I love the look of singlecut basses, and I think it works really well with the shape of the lower horn on the BTB. 

If this is a hint at a future production model, I'd definitely check one out if/when they're released. 

Also, that Ibanez Grooveline looks pretty cool.


----------



## MaxOfMetal (Nov 10, 2013)

Whoa, forget that BTB, look at that extended fingerboard unlined fretless SR! 

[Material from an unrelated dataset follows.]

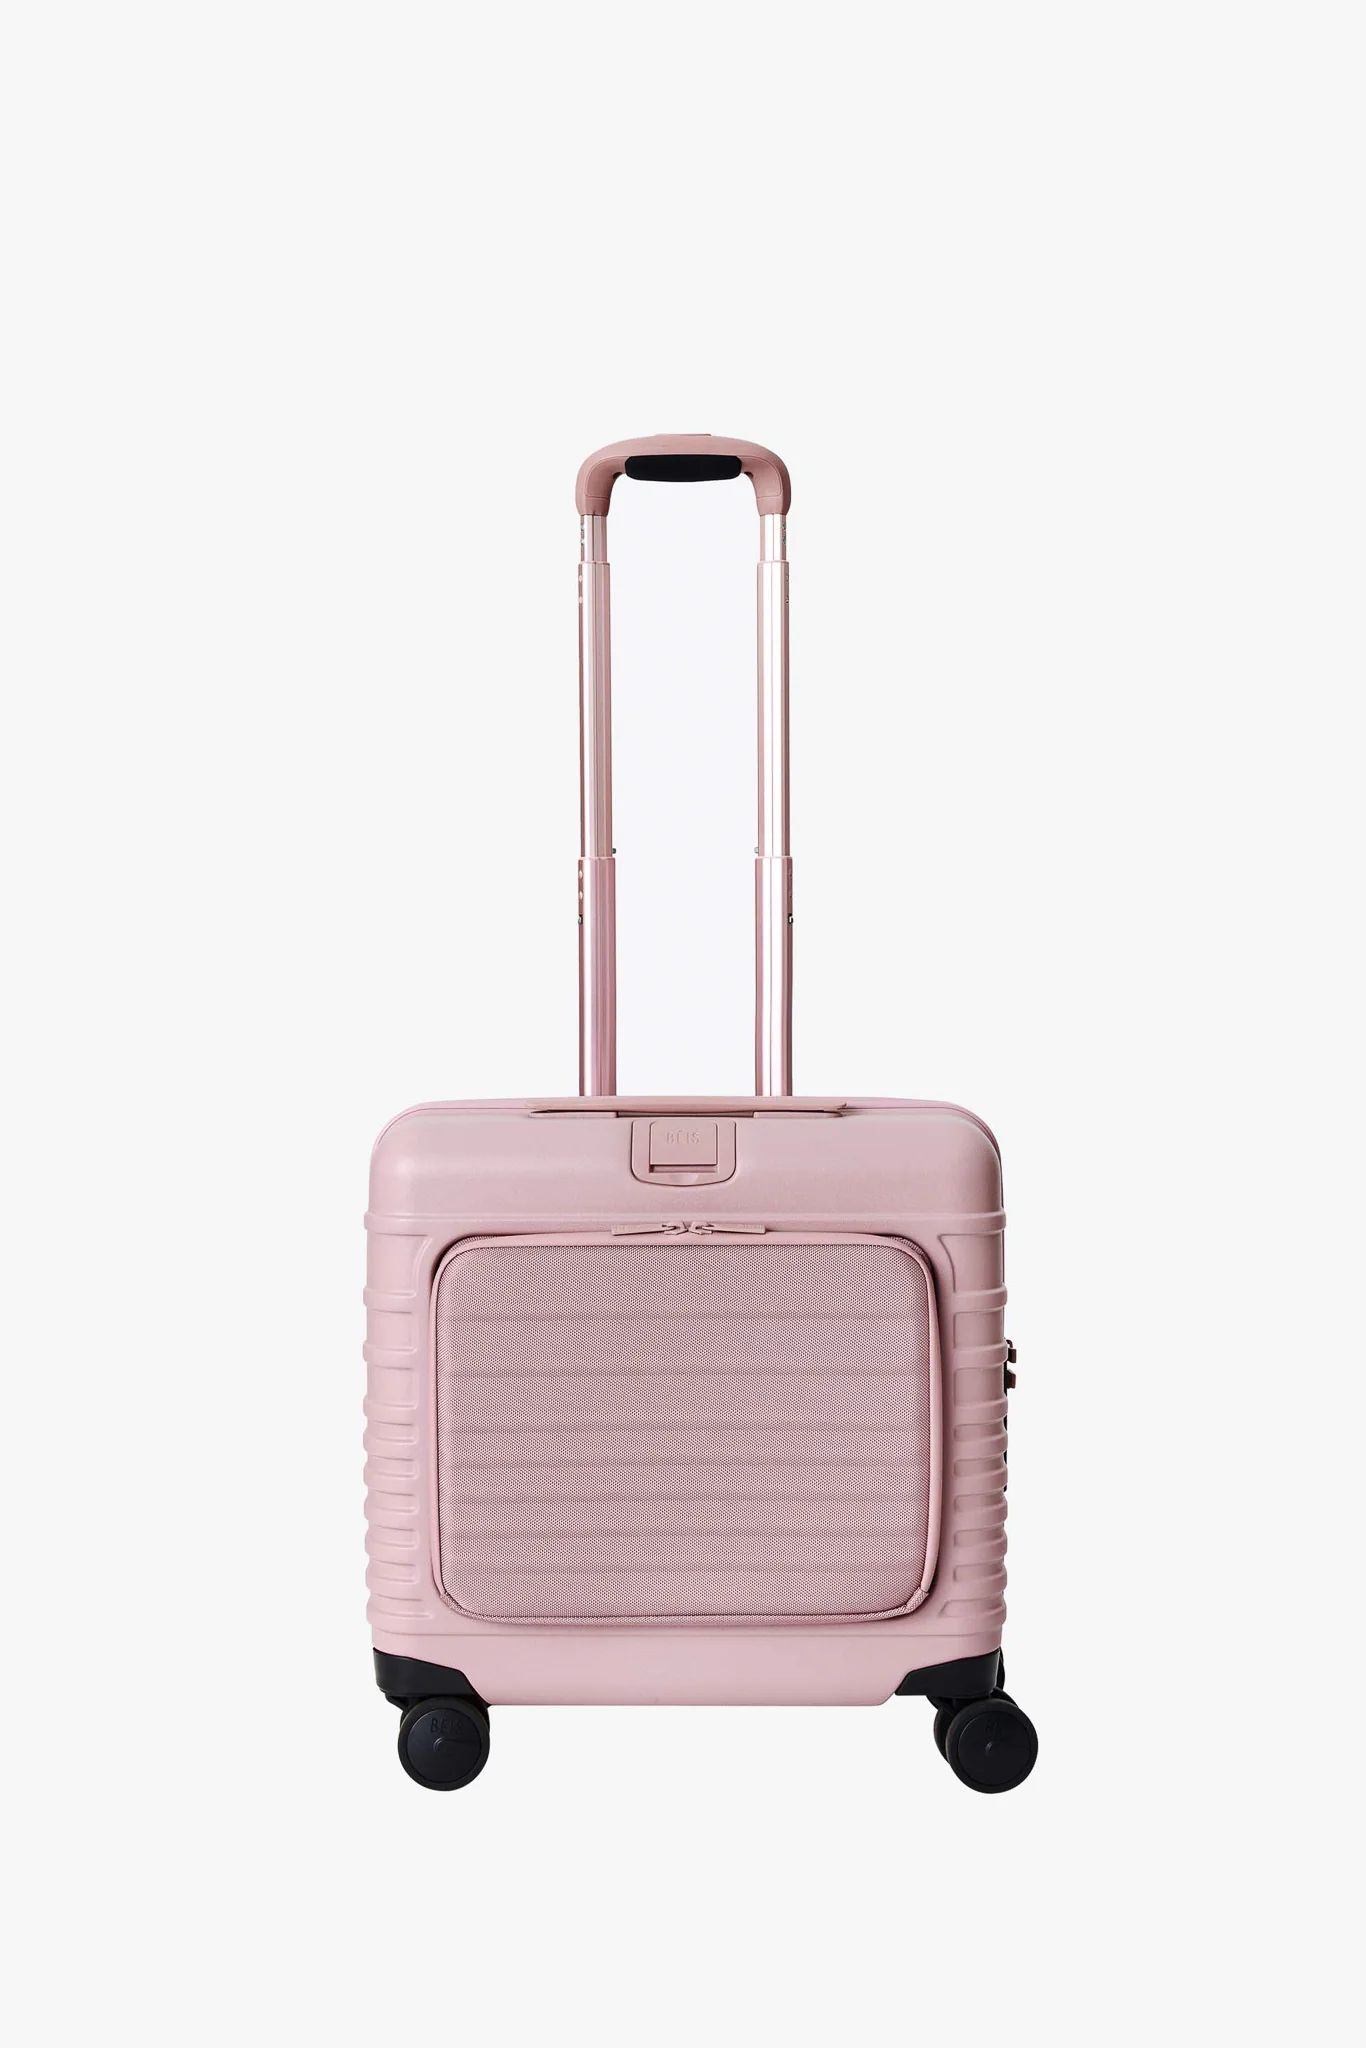 BÉIS 'The Mini Roller' in Atlas Pink - Kids Suitcases & Rolling Carry-On Luggage in Pink | BÉIS Travel

That said, a single cut BTB would be killer. As has already been said that's a popular configuration in the boutique/custom world since the 80's, I'm surprised it's taken so long for more mainstream builders to catch on. 



Speculum Speculorum said:


> Think dunlop is going to try to make a move on Darkglass? I'm interested to see how that goes over!


 
Eh, Darkglass is getting tons of hype and is starting to get more popular, but they're still an ant among giants in the bass pedal-pre game. 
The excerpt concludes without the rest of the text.